Вот я и кончил работу. Переехал из Леаньфалу, из деревни, снова в Будапешт. А завтра, а вернее даже сегодня ночью буду охотиться у охотника Кальмана, про которого я написал стихи. Я тут написал несколько длинных, глуповато-нерифмованных стихов. Смертельно хочу домой. Я так понимаю Алексея Толстого, который рвался в Россию после трех лет эмиграции. Я бы, конечно, не выдержал больше трех месяцев — или спился бы, или пустил себе пулю в височную область черепа.
Послезавтра я вылетаю к вам и очень хочу долететь и увидеть вас — кругло-раскосо-голубоглазых. А письмишко пускаю наперегонки с собой.
Целую вас, мои нежные люди.
Повесть вышла объемом в 120–140 страниц за семь дней. Былые темпы. Слава богу. А я уж стал подумывать о творческой импотенции. Нет! Есть еще порох в пороховницах! Зато узнал полную меру бессонницы. Сплю три-четыре часа с двумя таблетками ноксерона. Только Астрахань и Кирсанов могут привести меня в порядок.

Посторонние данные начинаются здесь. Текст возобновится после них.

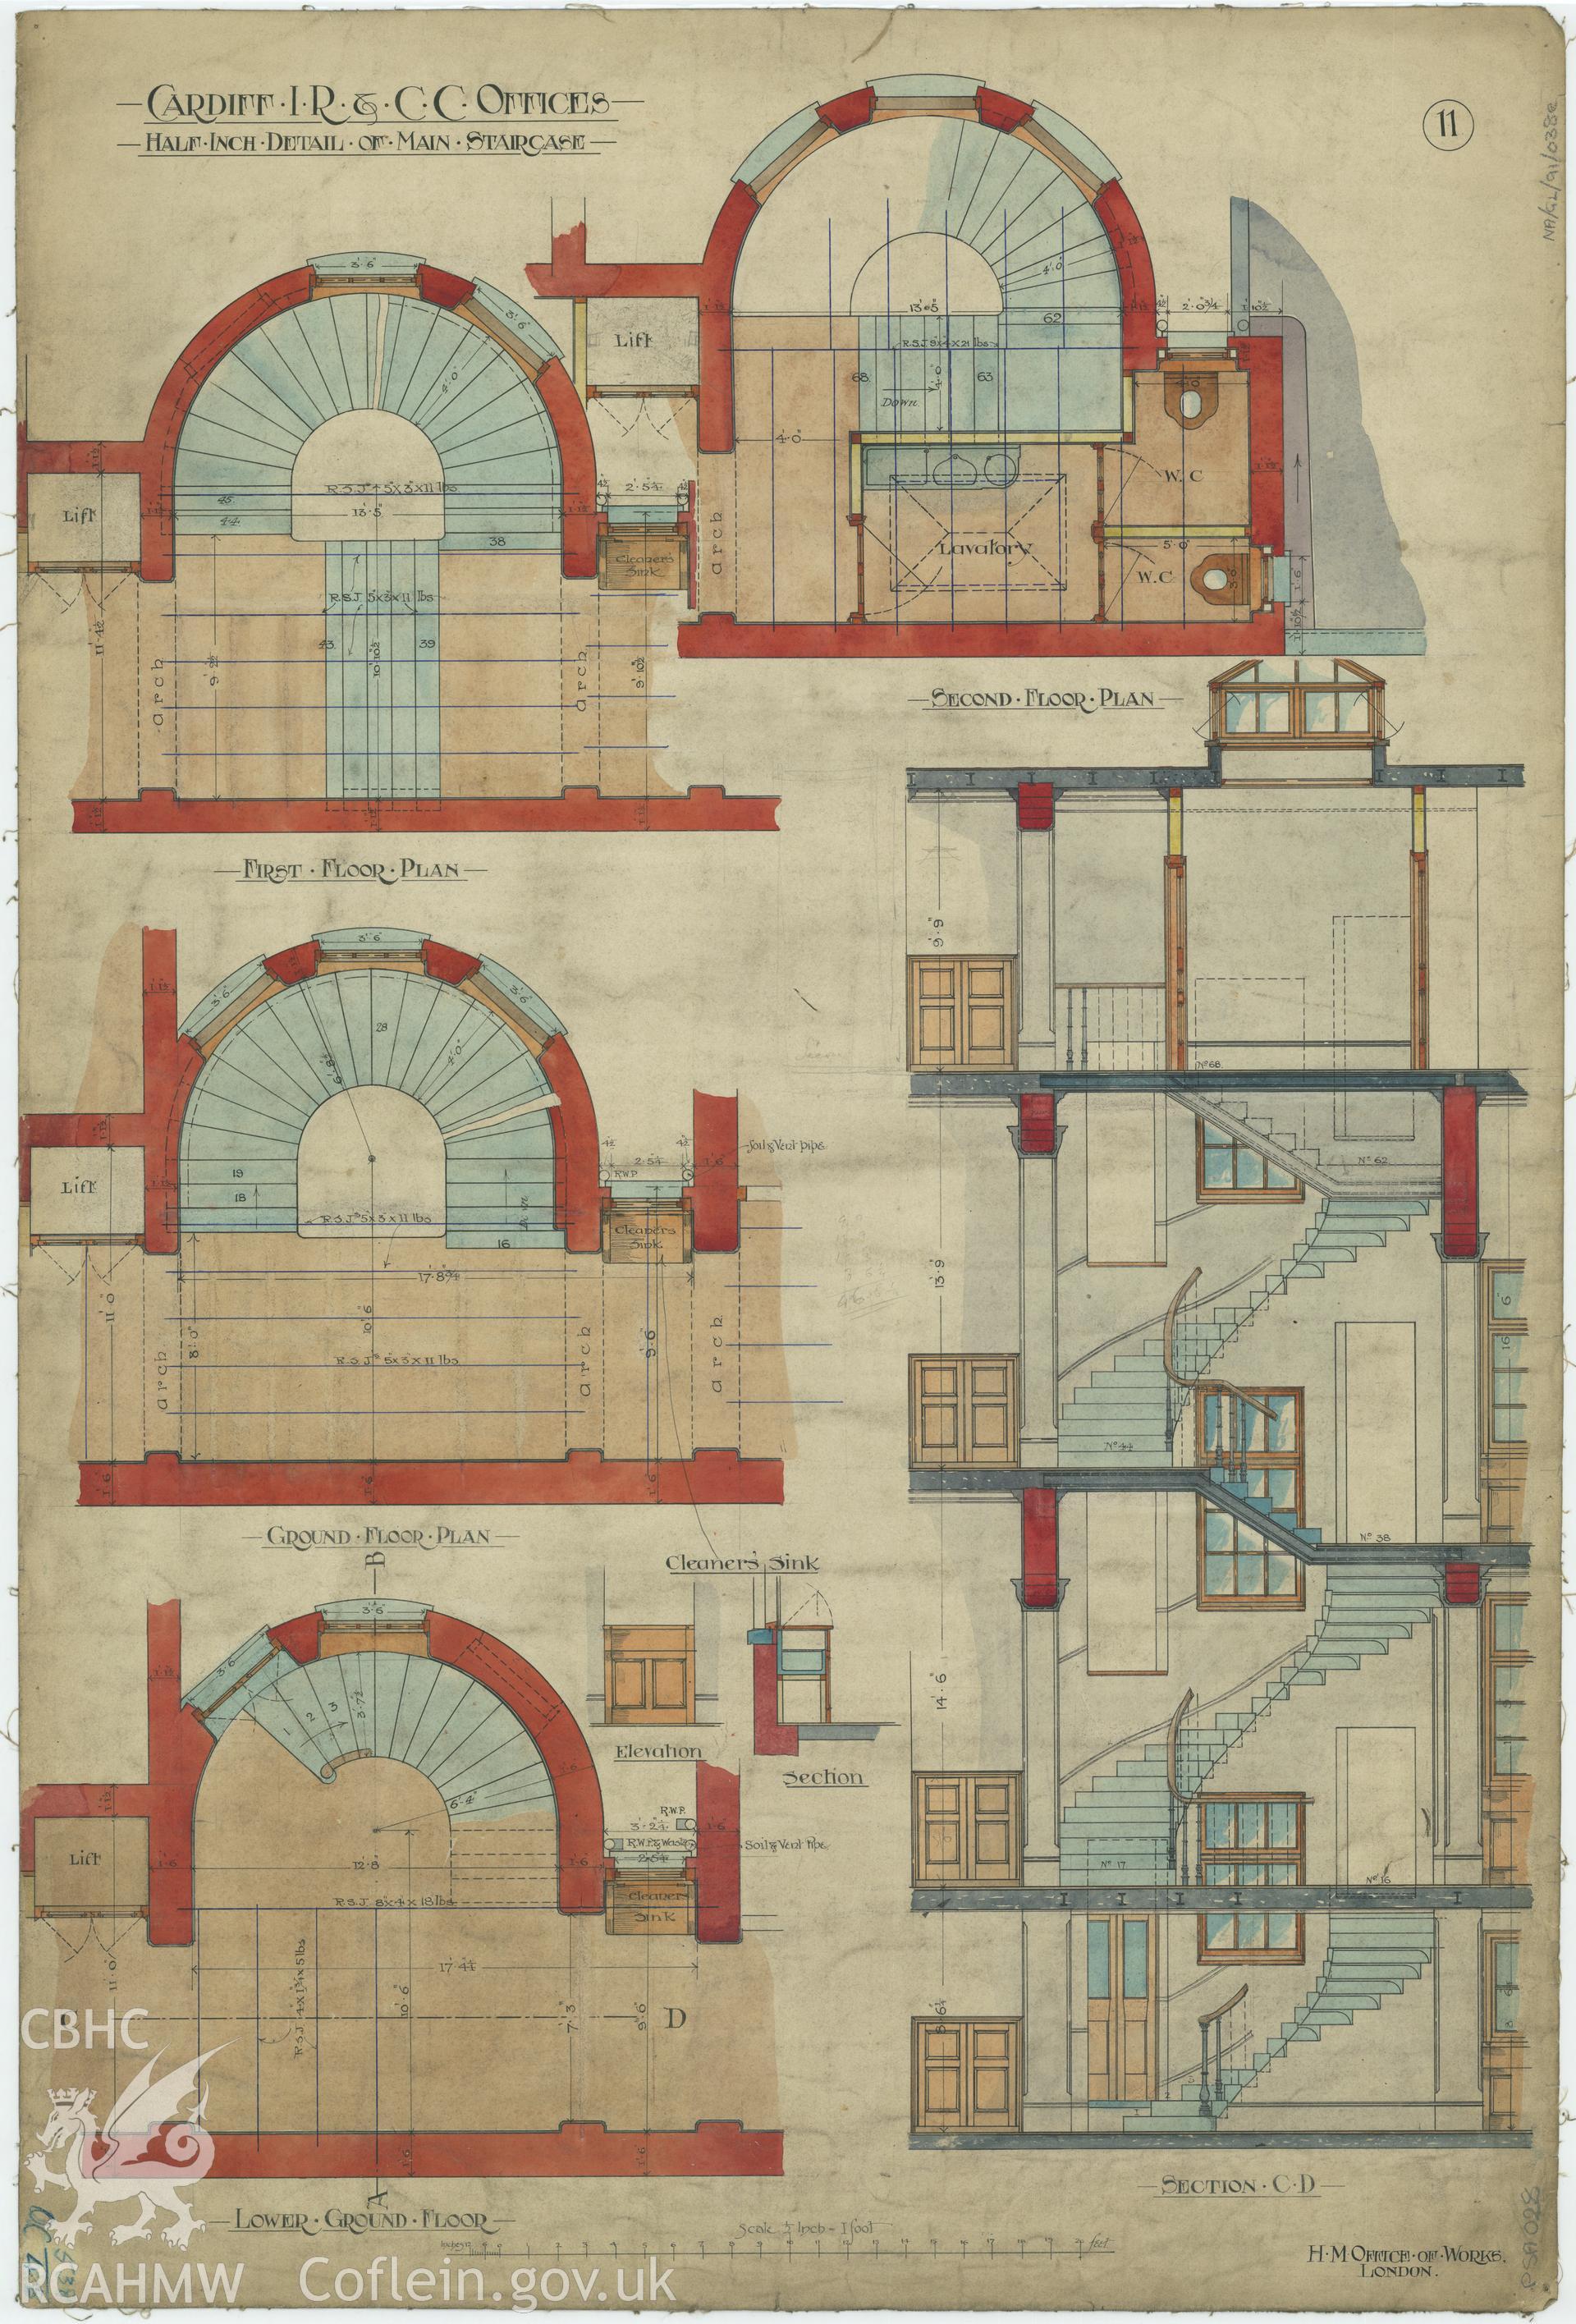 Digital copy of Cardiff Inland Revenue and County Court Offices; measured drawing showing detail of the main staircase, produced by H.M. Office of Works,  undated.
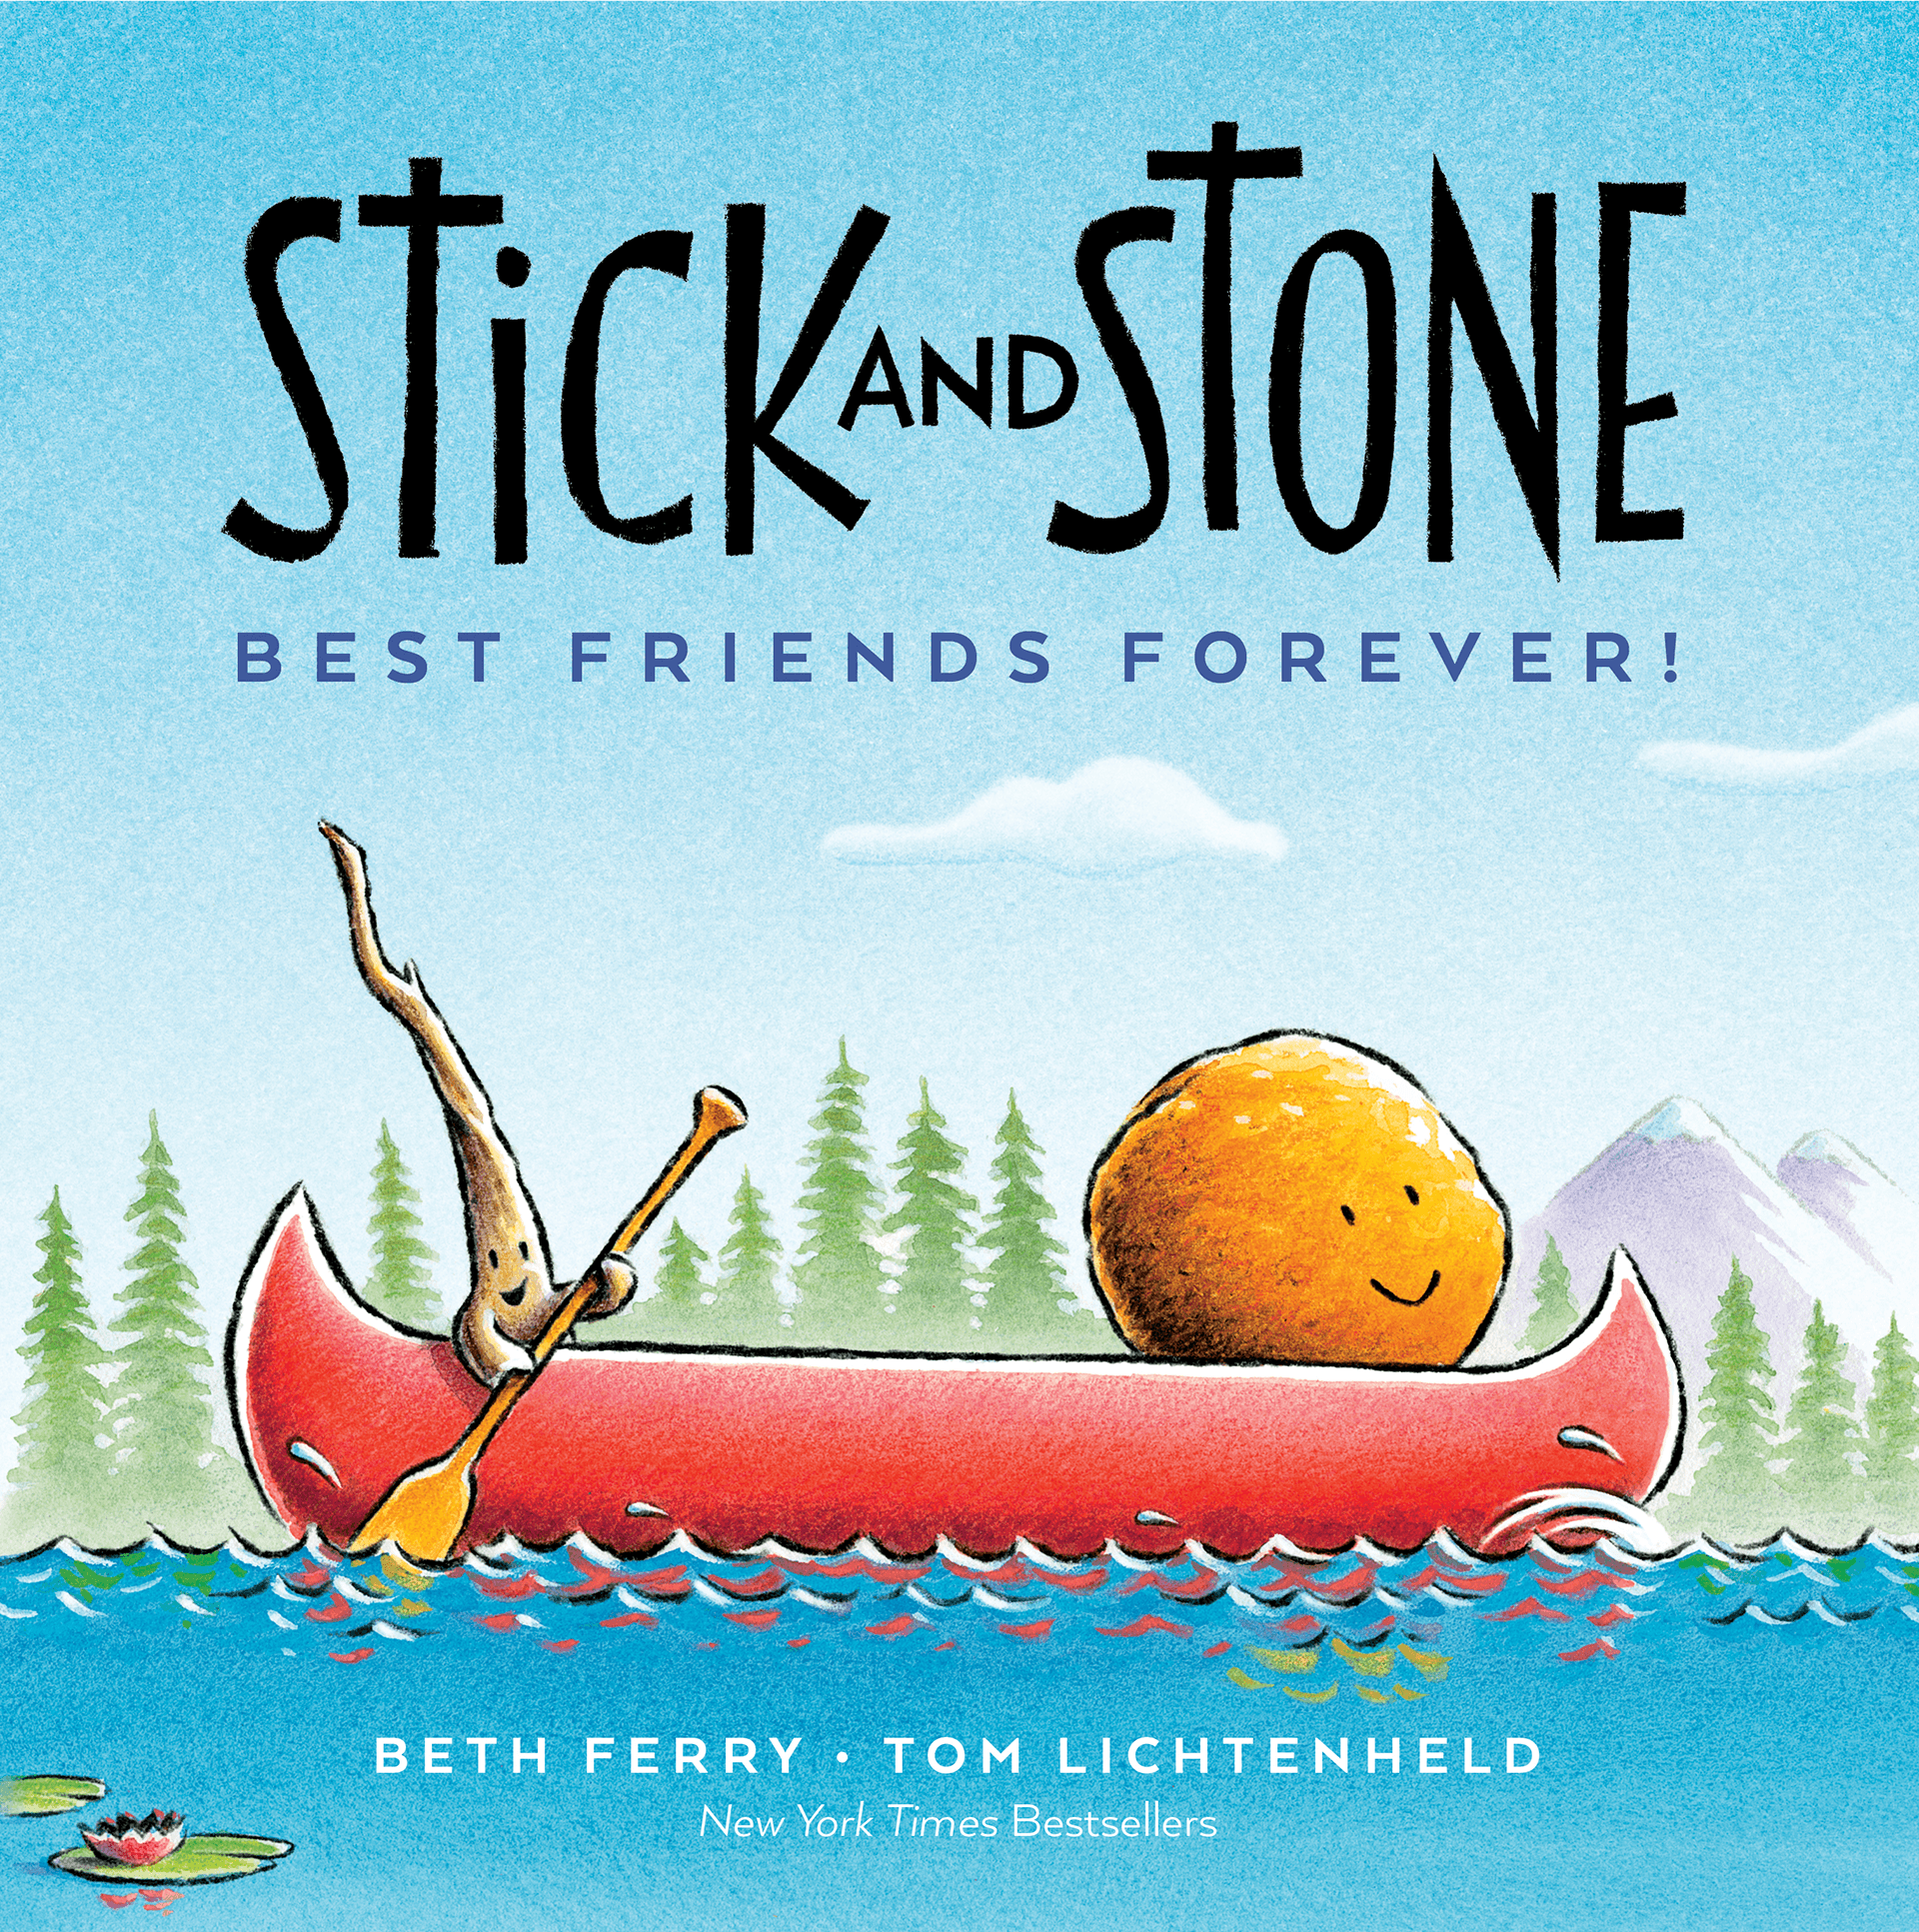 Stick And Stone: Best Friends Forever!

В принципе я должен был бы здесь жить до конца сентября. Но я сделал все и теперь рвусь к вам. И целую вас еще раз. И иду покупать подарок Дуньке.
Пока.
Юлиан Семенов.
По-венгерски меня зовут Дьюла.
* * *
19 марта 1969 года
Открытка из Японии
Дорогие мои девочки! Целую вас всех нежно, очень о вас скучаю. Просто-таки очень! Позванивайте Игорю в «Правду», дабы он мне передавал о вас — как вы без меня. Целую вас, дай вам Бог счастья.
Ваш Семенов-Сан.
* * *
Март 1969 года
Токио, Гранд-отель
Здравствуйте, мои родные.
Поскольку в этой машинке нет восклицательного знака или попросту я его не нашел, — обращаюсь к вам шепотом, без восклицаний. Хотя, не скрою, восклицать есть все основания: впечатления в первый же день, при самом беглом осмотре Токио — громадные. «Хайвей», наподобие американских, громадные скорости, посадка на аэродром, стиснутый со всех сторон мощными, марсианского типа, промышленными комплексами, архитектоника, причудливо, но в то же время органично вместившая в себя модернизм Корбюзье, размах Лос-Анджелеса, антику Японии, динамизм второй половины двадцатого века.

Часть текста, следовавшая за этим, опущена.